When friends ask me what scope they should buy for a hunting rifle, my answer is often Leupold. I tell them I’ve been using Leupold scopes for almost 30 years, have banged several on rocks, and have yet to see one come away with more than just scratches and dents. Some held their zeroes despite the falls, I explain, but of course a few had to be re-zeroed after particularly nasty tumbles; the important thing is their adjustments were as precise as before the incident. I inform them Leupold riflescopes are made in Oregon, just like they have been since 1947. Finally, I tell them I’ve never seen a Leupold scope fog internally, and guarantee them the glass and coatings the company uses will make the view plenty bright for aiming at deer and bears no matter the weather. Many of these guys have been using scopes they inherited from a relative when they started hunting in the 1980s and ’90s, and I promise them that they will be amazed at the difference.
They nod their heads until I tell them they will have to spend $400 or $500 to get a Leupold, at which point they recoil in shock.
My friends aren’t alone in their reluctance to fork over a wad of cash for a scope. Hunters often consider price above all else, and as a rule they are most likely to skimp on optics and ammo. But lucky for them, Leupold now offers the VX-Freedom line that provides many of the same benefits as its more expensive scopes for substantially less money. The MSRPs for the American-made VX-Freedom scopes range from $234.99 to $389.99, and you’ll find some models at dealers for less than $200.

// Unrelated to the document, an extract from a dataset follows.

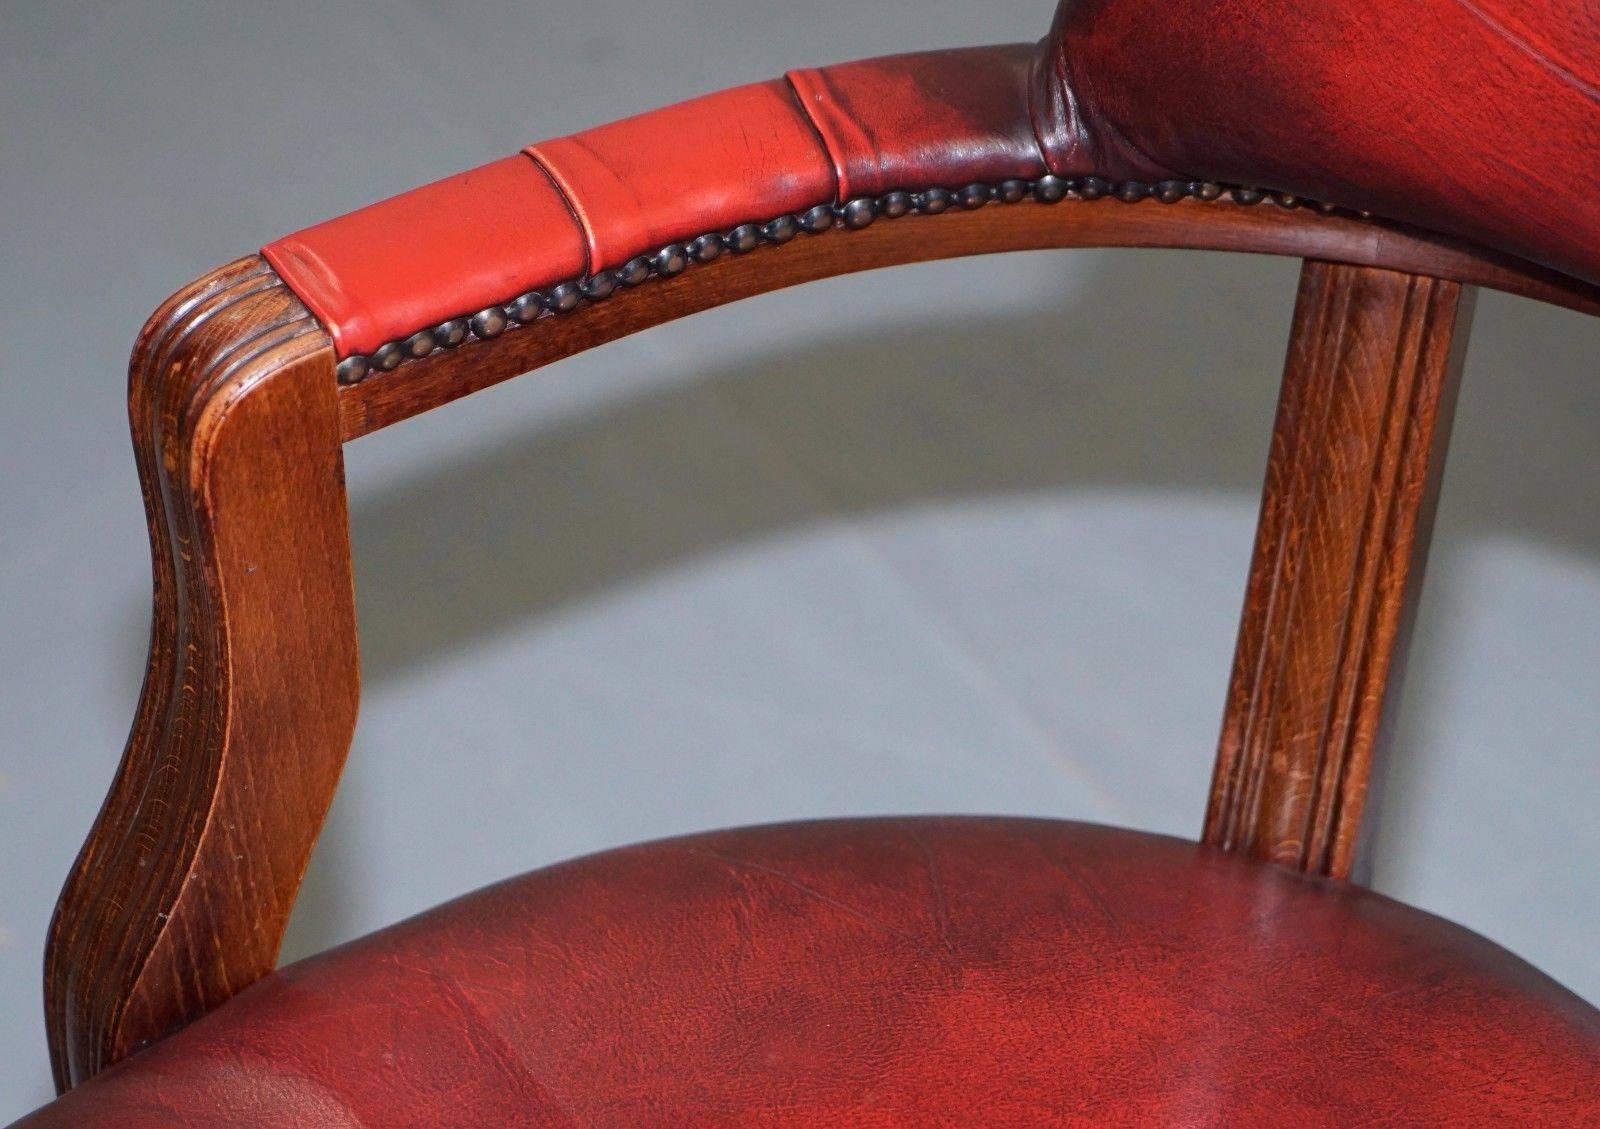 Hand-Carved Lovely Oxblood Leather Chesterfield Court Chair for Desks or Guests Lovely Find

The VX-Freedom line is diverse in that it includes 14 variable-power models with four magnification ranges, five objective diameters and six reticles. All have 1-inch maintubes, which keeps size and weight reasonable. They run from 1.5X-4X-20mm to 4X-12X-40mm; the standby 3X-9X is available with a 33mm, 40mm or 50mm objective. There are two rimfire-specific models with a parallax-free setting of 60 yards, as well as a 3X-9X-33mm with what Leupold calls Extended Focal Range to adjust for parallax at even closer distances. Other models include a scout scope with extended eye relief and a muzzleloader-specific version with a ballistic-compensating reticle. Versions of the 1.5X-4X-20mm and 3X-9X-40mm have uncapped elevation turrets; two come with miliradian-scaled dials, and two are set up for Leupold’s Custom Dial System (CDS). The user provides ballistic data for a specific load and gun, and Leupold creates a CDS dial engraved with range markings that correspond to the given bullet’s trajectory.

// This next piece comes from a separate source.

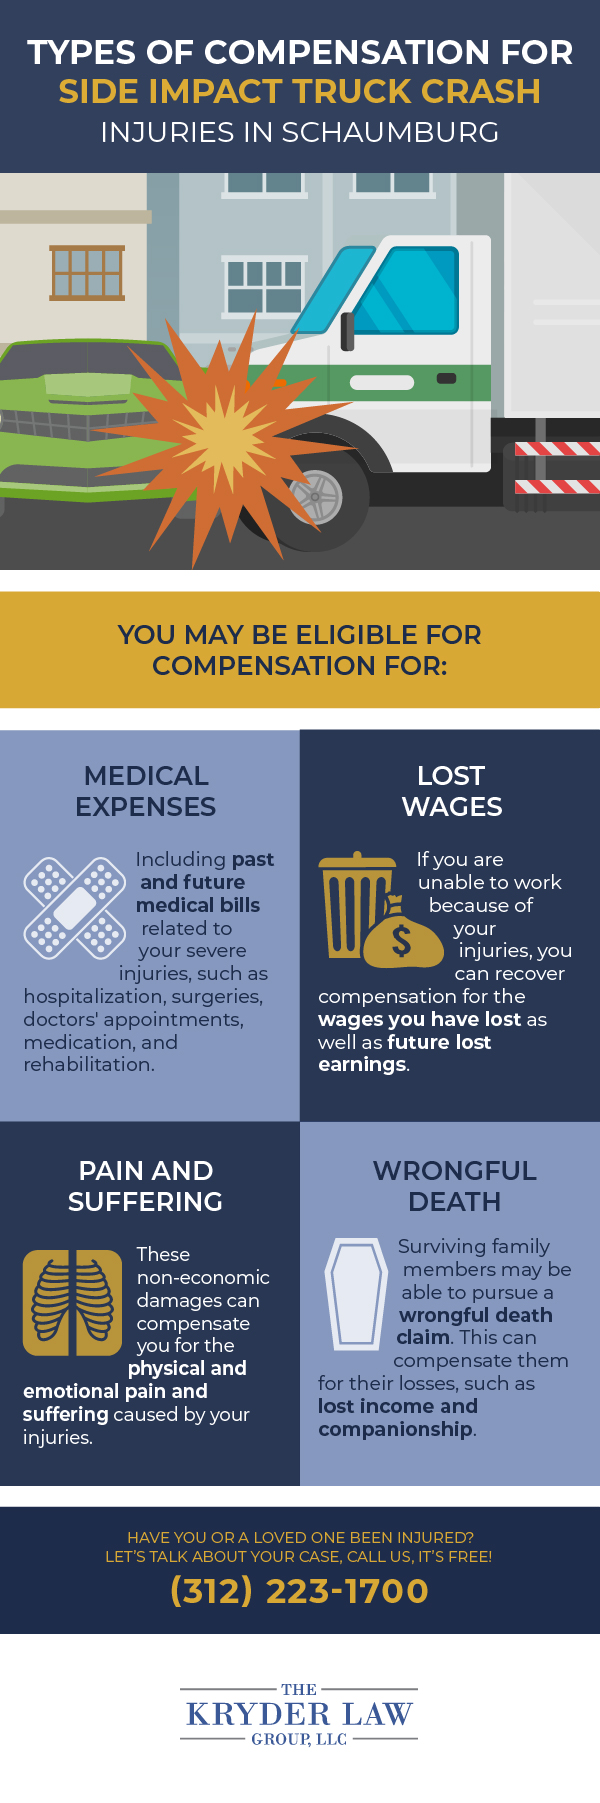 Types of Compensation for Side Impact Truck Crash Injuries in Schaumburg

Exposed turrets that are designed for repeated dialing prove Leupold has a lot of confidence in the VX-Freedom line’s adjustment system to track precisely and return to zero. Including a coupon for a free custom dial with the 3X-9X-40mm CDS model speaks to the company’s commitment to providing value. I tested a 1.5X-4X-20mm on a .50-caliber muzzleloader, a 3X-9X-40mm on a 7mm-08 Rem. and a 2X-7X-33mm Rimfire on a .22 LR, and all three scopes made elevation and windage adjustments according to their turrets’ .25-MOA markings.

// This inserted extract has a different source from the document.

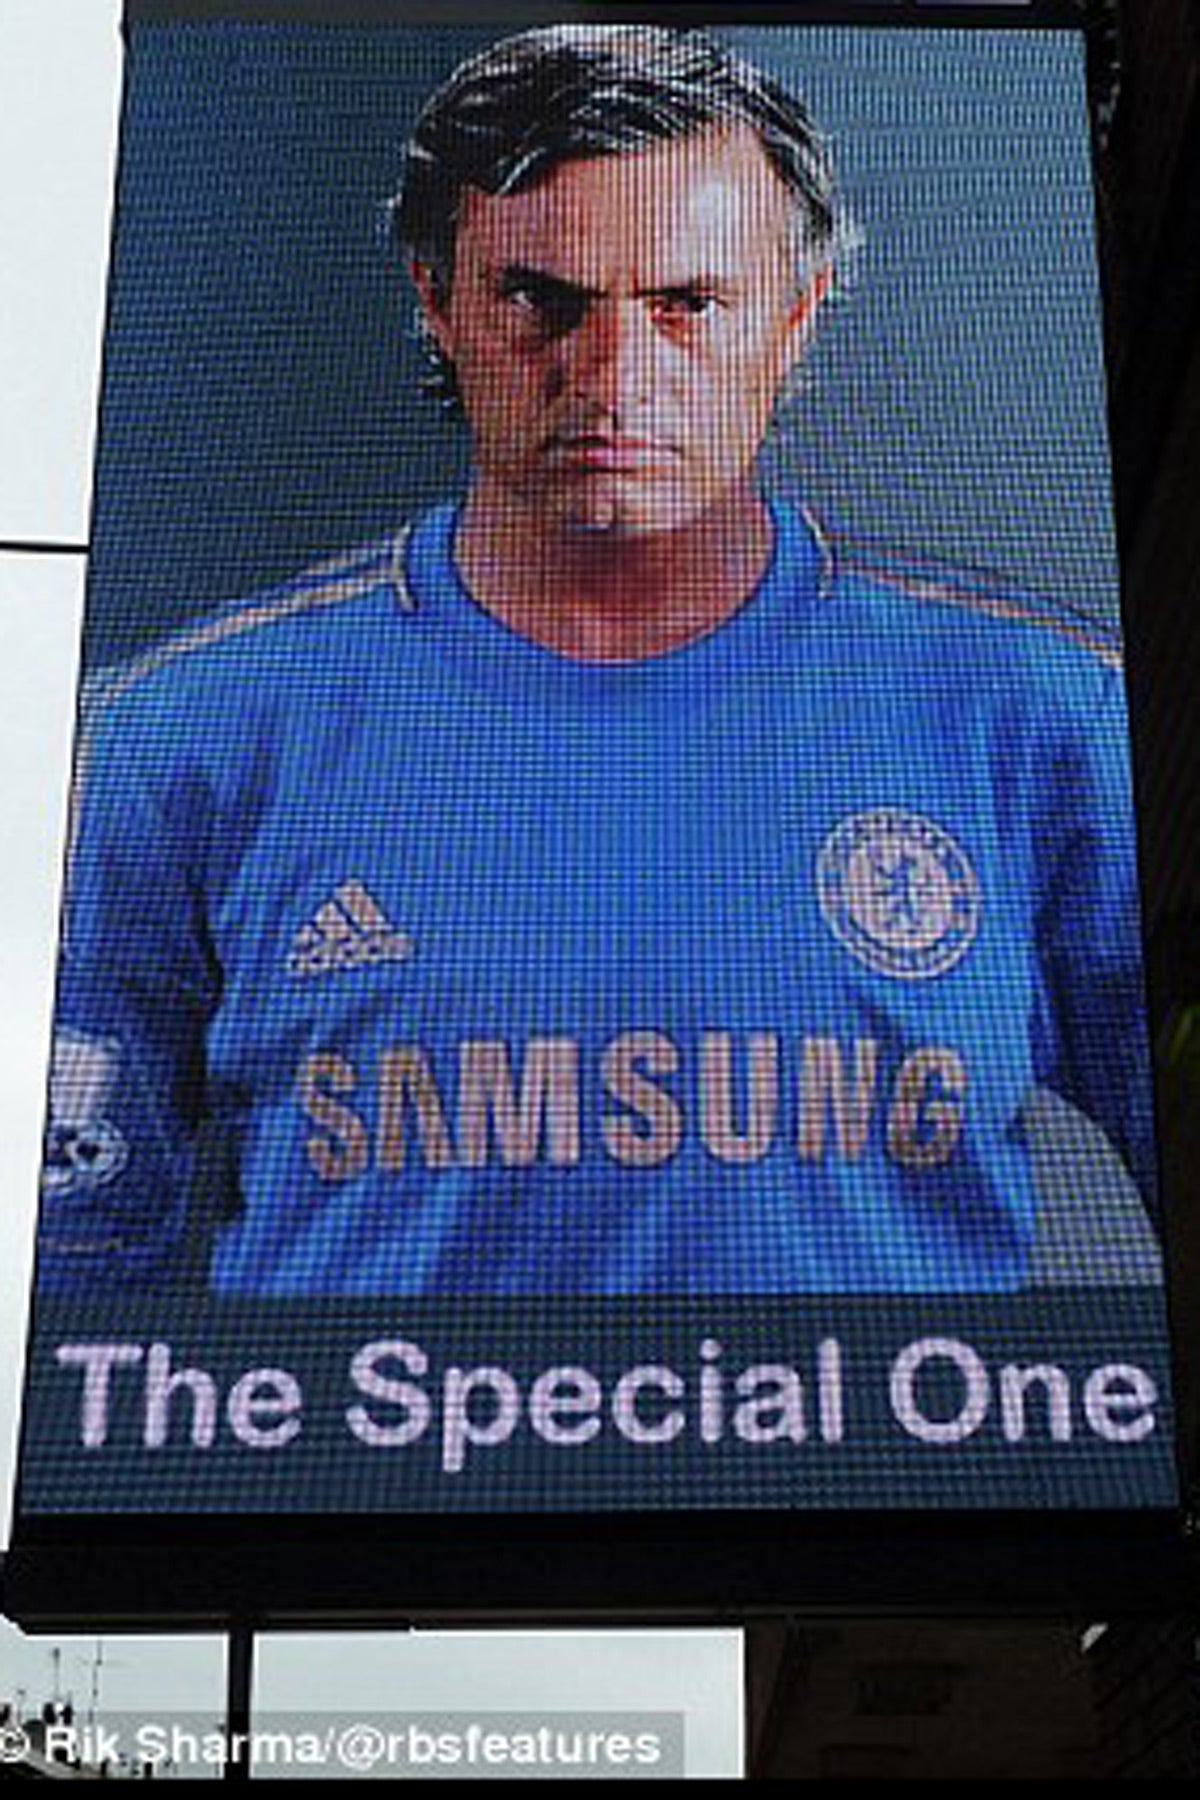 Jose Mourinho appears in a photoshopped image advertising a digital media company

The VX-Freedom scopes’ maintubes are made from 6061-T6 aluminum alloy, just like Leupold’s scopes that retail for more than $2,000. They are waterproof and fogproof. Leupold subjects the VX-Freedom line to the same durability testing it uses for all its scopes, and each VX-Freedom model comes with a lifetime guarantee.
All VX-Freedom riflescopes have Leupold’s Twilight Light Management System, which combines various lens coatings and design elements to maximize low-light imaging and limit distracting glare. The company uses a similar, though slightly better Twilight Max, system on its higher priced scopes. I compared a 3X-9X-40mm VX-Freedom with a 3.5X-10X-40mm VX-3i, which has Twilight Max, and could see only a slight difference in contrast and resolution during the first and last 10 minutes of light. I’m talking details here, like patterns of bark on oak trees. You should have no problem finding the sweet spot on a buck when he steps out at sundown if you’re looking through a VX-Freedom.
Other than not having the Twilight Max system and its superior lens elements and coatings, how do VX-Freedom scopes differ from higher priced models? A 3X magnification ratio simplifies the erector system and reduces cost. Instead of a fast-focus eyepiece, the ocular bell is threaded to the maintube and locks in place via a knurled ring (this used to be the standard setup on scopes designed for American hunters). On models without CDS, elevation and windage dials are made of some sort of composite rather than metal, and while they’re finger-adjustable and stop positively at each increment, they are not resettable. In addition, the machining on the magnification ring and the saddle isn’t as refined and is more angular.
I don’t think many hunters will view these as negatives in light of the VX-Freedom scopes’ prices. Simply put, the line consists of rugged, practical riflescopes without the bells and whistles that add cost. The VX-Freedom family is Leupold’s way of showing us good scopes can be made in America at prices regular ol’ hunters can afford.